Setting Before the Propylaea, or gateway to the Acropolis of Athens, 411 BC

Lysistrata (/lˈsɪstrətə/ or /ˌlɪsəˈstrɑːtə/; Attic Greek: Λυσιστράτη, "Army Disbander") is a comedy by Aristophanes. Originally performed in classical Athens in 411 BC, it is a comic account of one woman's extraordinary mission to end the Peloponnesian War. Lysistrata persuades the women of Greece to withhold sexual privileges from their husbands and lovers as a means of forcing the men to negotiate peace—a strategy, however, that inflames the battle between the sexes. The play is notable for being an early exposé of sexual relations in a male-dominated society. Additionally, its dramatic structure represents a shift from the conventions of Old Comedy, a trend typical of the author's career.[2] It was produced in the same year as the Thesmophoriazusae, another play with a focus on gender-based issues, just two years after Athens' catastrophic defeat in the Sicilian Expedition.


    There are a lot of things about us women
    That sadden me, considering how men
    See us as rascals.
                        As indeed we are!

These lines, spoken by Lysistrata and her friend Calonice at the beginning of the play,[3] set the scene for the action that follows.
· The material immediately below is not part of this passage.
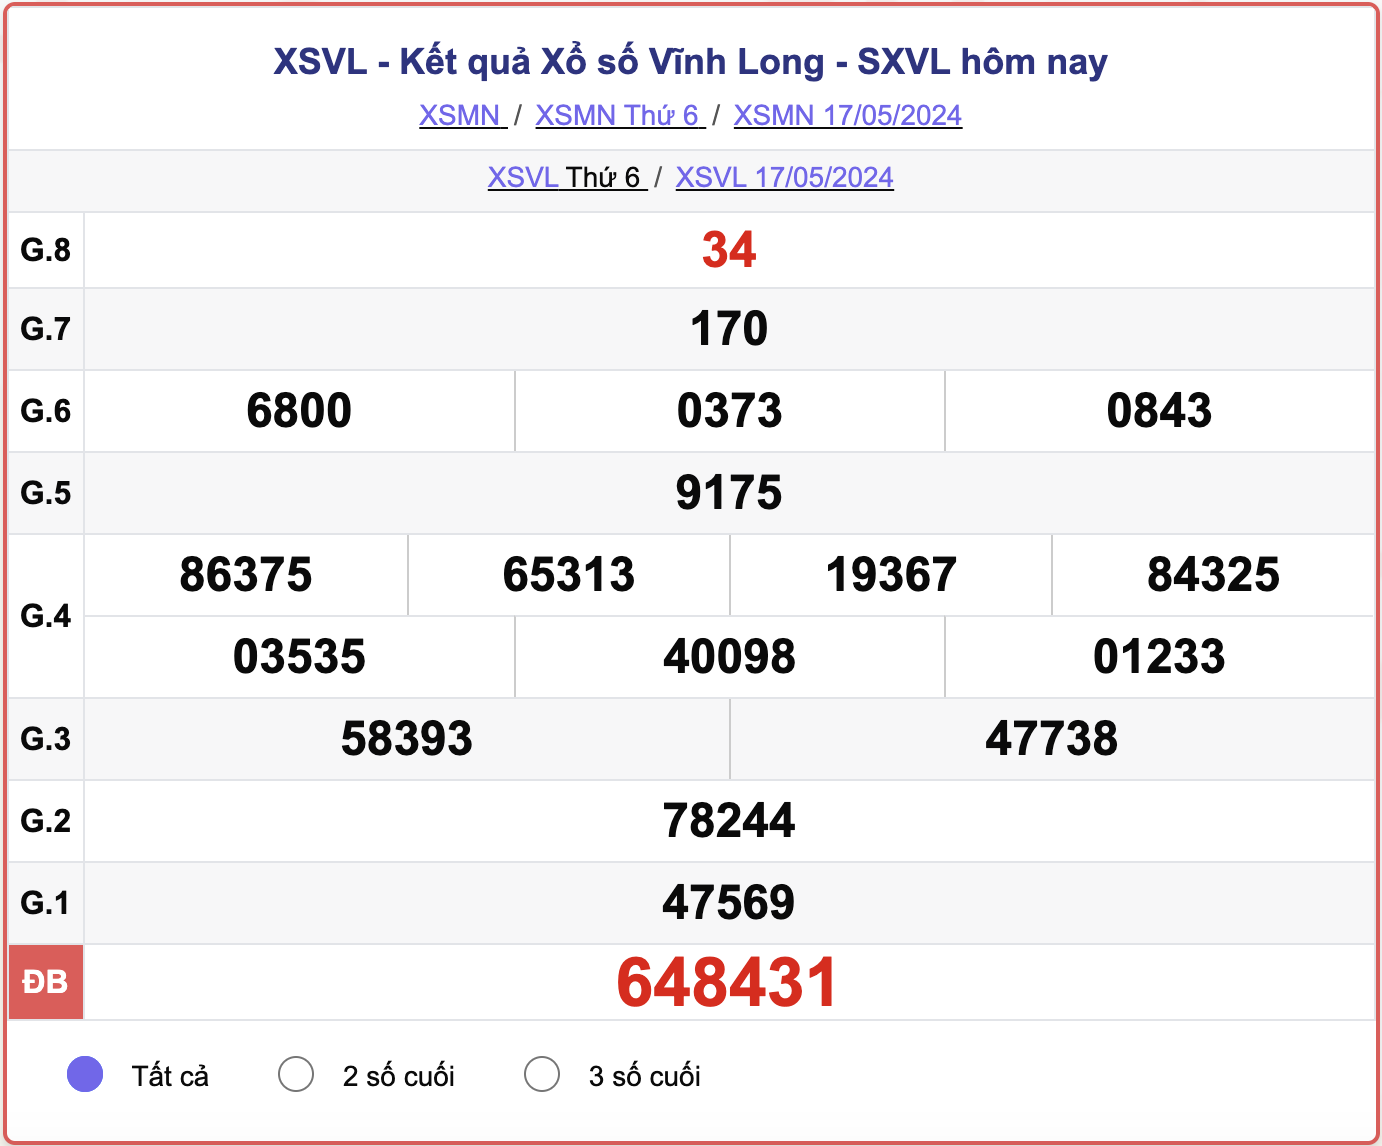 XSVL thứ Sáu, kết quả xổ số Vĩnh Long ngày 17/5/2024.

Women, as represented by Calonice, are sly hedonists in need of firm guidance and direction. Lysistrata, however, is an extraordinary woman with a large sense of individual and social responsibility. She has convened a meeting of women from various city states in Greece (there is no mention of how she managed this feat) and, very soon after confiding in her friend about her concerns for the female sex, the women begin arriving.

With support from the Spartan Lampito, Lysistrata persuades the other women to withhold sexual privileges from their menfolk as a means of forcing them to end the interminable Peloponnesian War. The women are very reluctant, but the deal is sealed with a solemn oath around a wine bowl, Lysistrata choosing the words and Calonice repeating them on behalf of the other women. It is a long and detailed oath, in which the women abjure all their sexual pleasures, including the Lioness on the Cheese Grater (a sexual position).

Soon after the oath is finished, a cry of triumph is heard from the nearby Acropolis—the old women of Athens have seized control of it at Lysistrata's instigation, since it holds the state treasury, without which the men cannot long continue to fund their war. Lampito goes off to spread the word of revolt, and the other women retreat behind the barred gates of the Acropolis to await the men's response.

A Chorus of Old Men arrives, intent on burning down the gate of the Acropolis if the women don't open up. Encumbered with heavy timbers, inconvenienced with smoke and burdened with old age, they are still making preparations to assault the gate when a Chorus of Old Women arrives, bearing pitchers of water. The Old Women complain about the difficulty they had getting the water, but they are ready for a fight in defense of their younger comrades. Threats are exchanged, water beats fire, and the Old Men are discomfited with a soaking.

The magistrate then arrives with some Scythian archers (the Athenian version of police constables). He reflects on the hysterical nature of women, their devotion to wine, promiscuous sex, and exotic cults (such as to Sabazius and Adonis), but above all he blames men for poor supervision of their womenfolk. He has come for silver from the state treasury to buy oars for the fleet and he instructs his Scythians to begin levering open the gate. However, they are quickly overwhelmed by groups of unruly women with such unruly names as σπερμαγοραιολεκιθολαχανοπώλιδες (seed-market-porridge-vegetable-sellers) and σκοροδοπανδοκευτριαρτοπώλιδες (garlic-innkeeping-bread-sellers).[4]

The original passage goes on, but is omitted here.